The expert systems era lasted only about two decades, but it shaped the vocabulary we still use. Knowledge base, inference engine, rule-based reasoning—these concepts entered software engineering and never left. And the central question that expert systems tried to answer—how do you capture and deploy human expertise?—remains as urgent as ever.

The next time you're asked a series of careful questions by an automated system, one query leading logically to the next, know that you're experiencing the legacy of programs that tried, forty years ago, to bottle the wisdom of doctors, lawyers, and engineers. They didn't quite succeed. But they didn't quite fail either.

The Shape of Intelligence

Expert systems taught us something important about the shape of artificial intelligence.

There isn't just one kind of AI, one approach to machine intelligence. There's a whole landscape of possibilities, each with trade-offs. Rule-based systems are transparent but brittle. Neural networks are flexible but opaque.
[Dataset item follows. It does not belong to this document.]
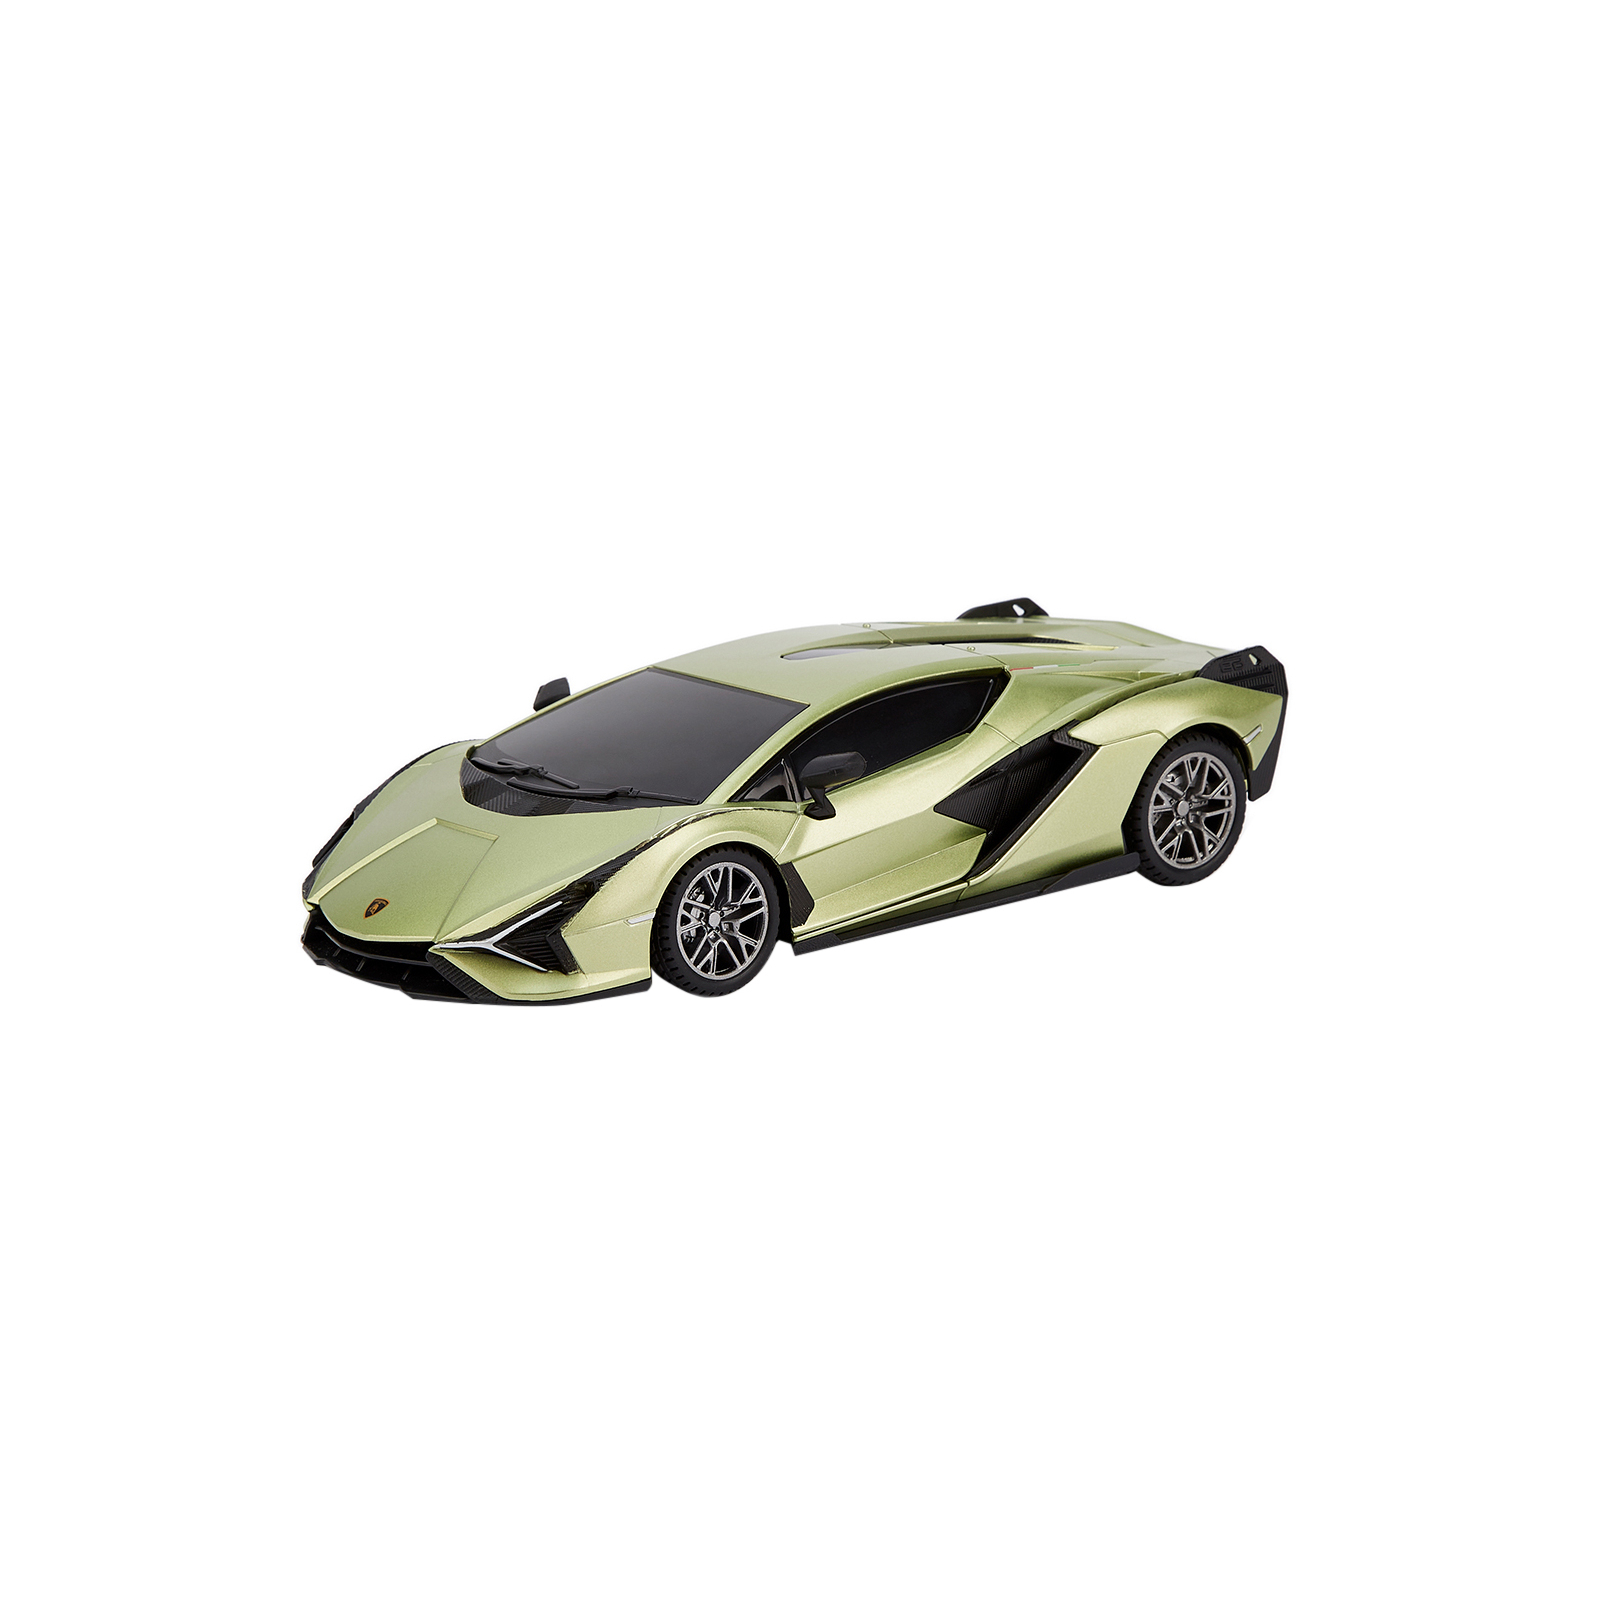 Радиоуправляемая игрушка KS Drive Lamborghini Sian 1:24, 2.4Ghz зеленый (124GLSG)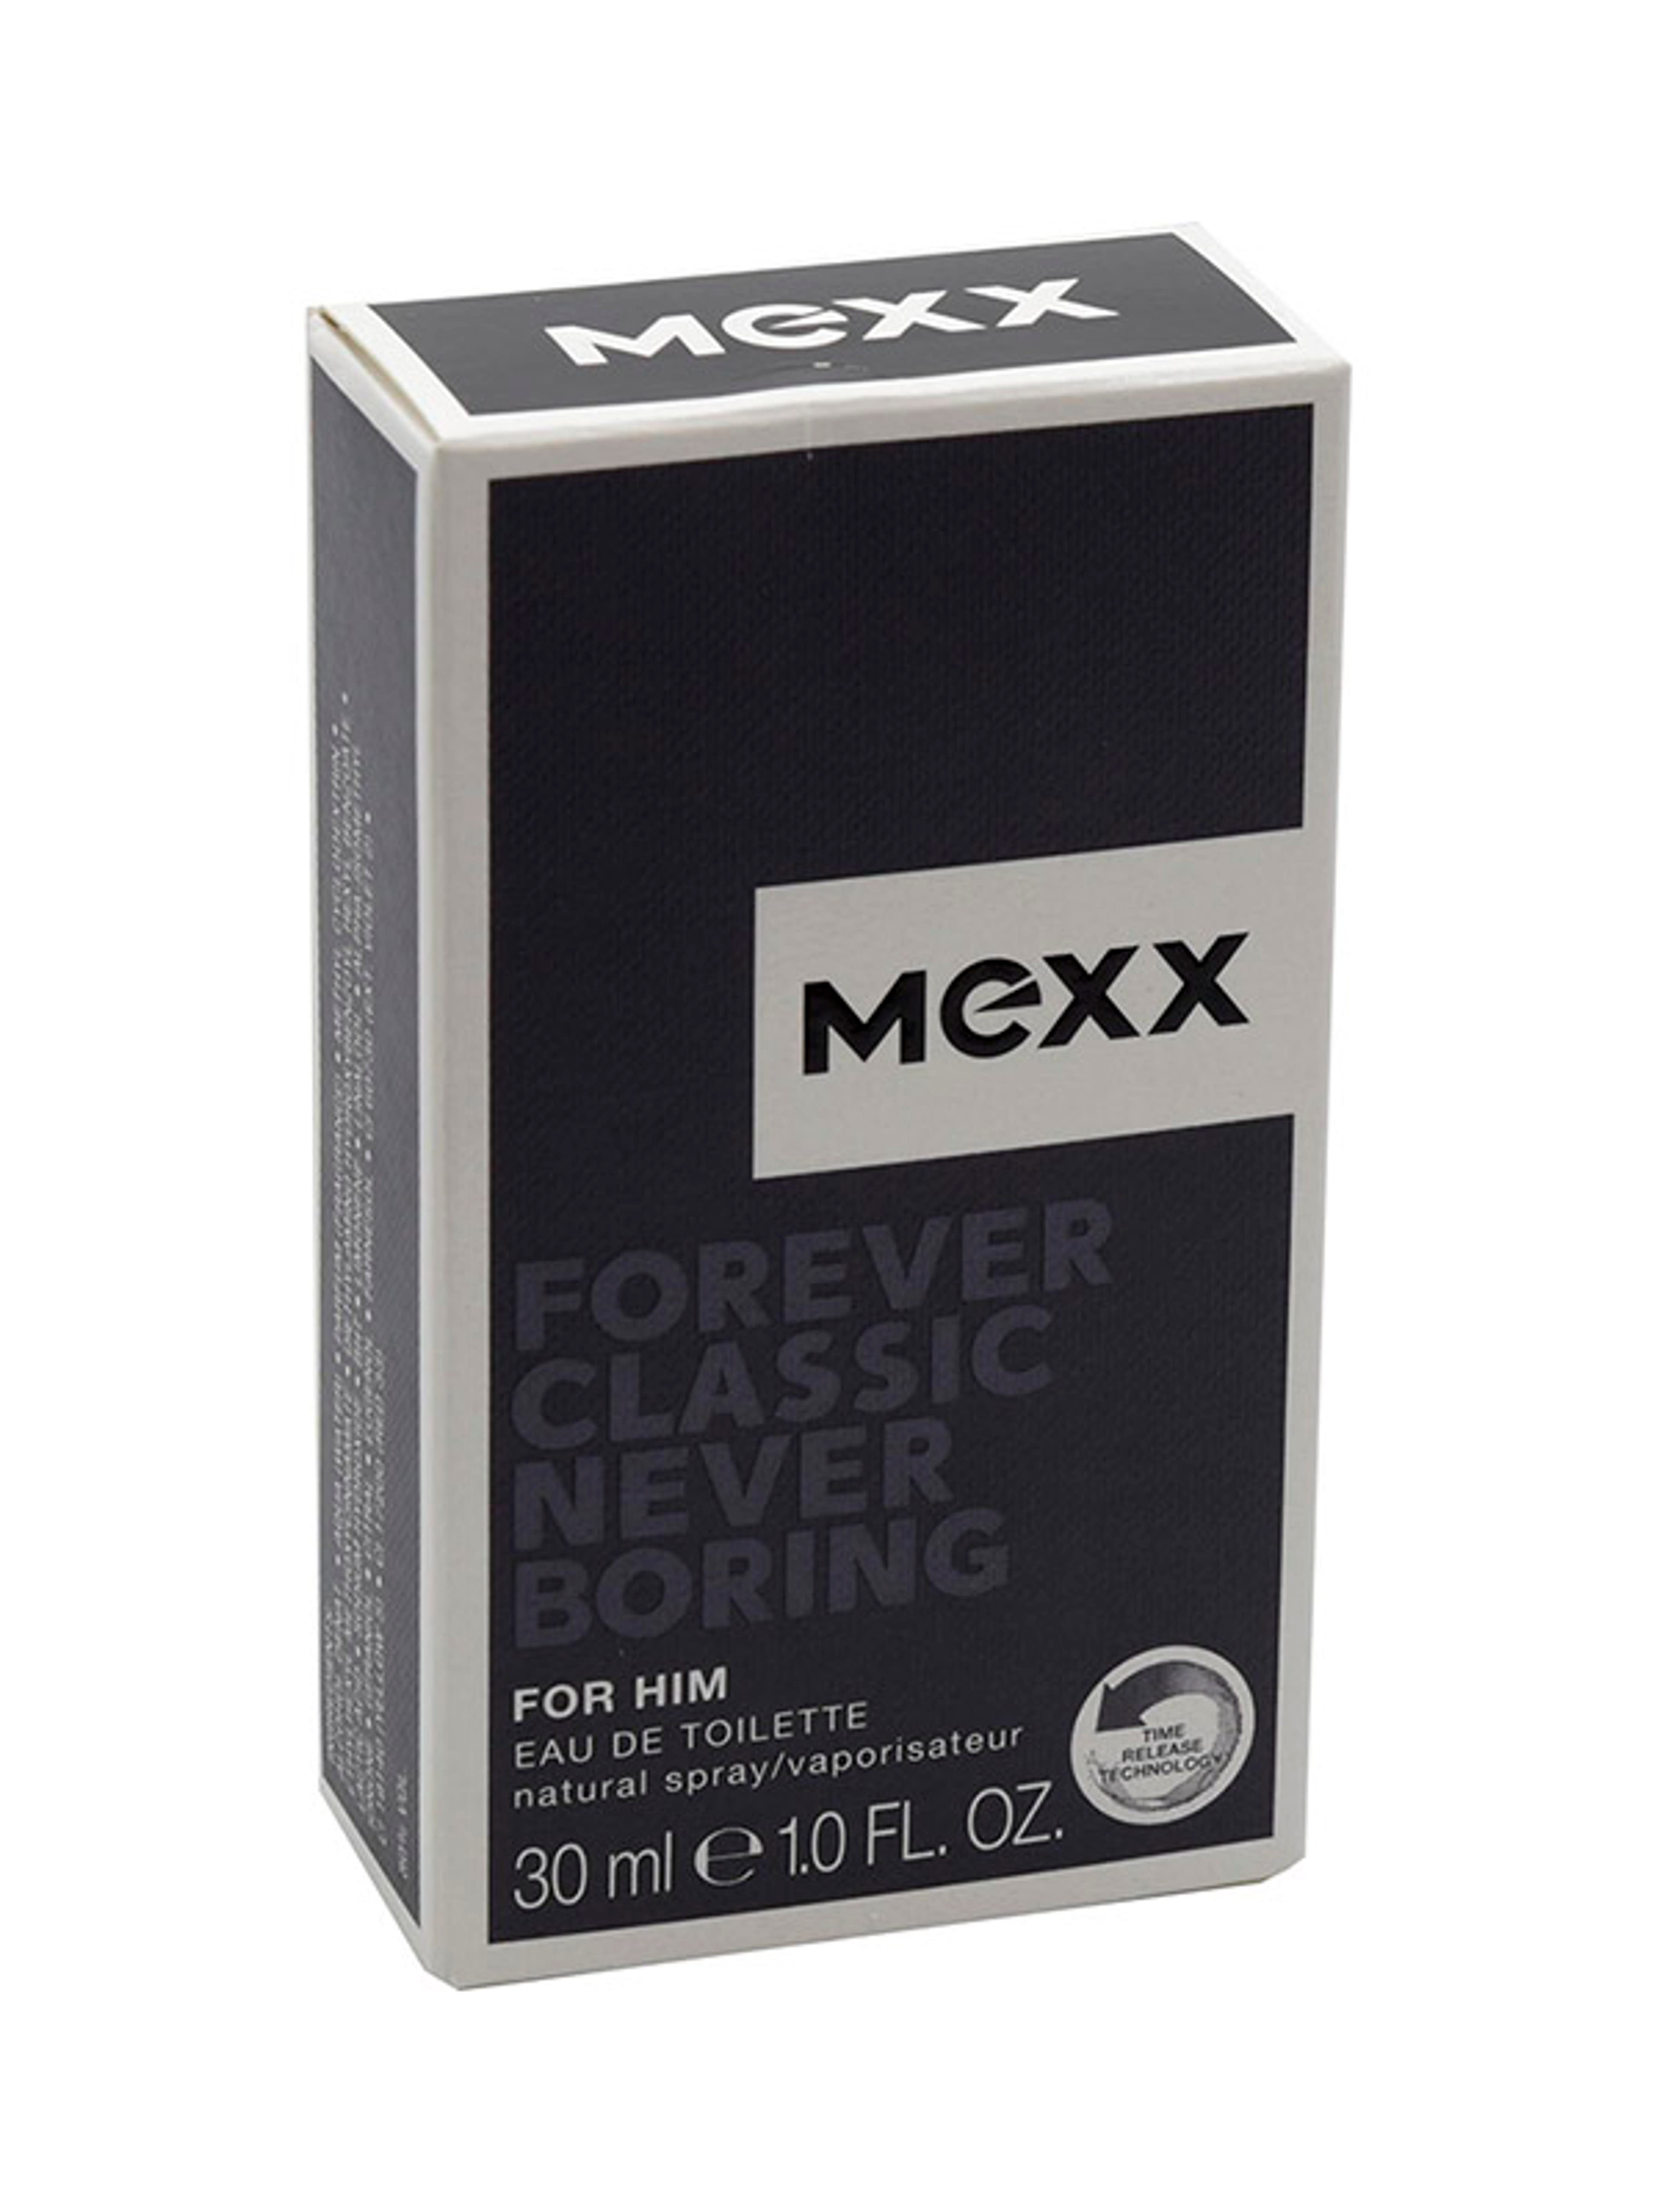 Mexx Forever Classic Never Boring férfi Eau de Toilette - 30 ml

Hybrid approaches try to combine the virtues while avoiding the vices.

The history of expert systems is a reminder that the current approach isn't the only approach. Fashions in AI change. The techniques that dominate today may be absorbed, combined, or supplanted tomorrow. The field is still young, still searching for the right shapes to give our thinking machines.

MYCIN still works, in principle. You could dust off the code—if you could find a machine to run it on—and it would still diagnose blood infections using the same rules it learned in 1972. The knowledge it contains hasn't changed. What's changed is everything around it: the computers, the software ecosystems, the expectations about what intelligence means.

The rules remain. It's the world that moved on.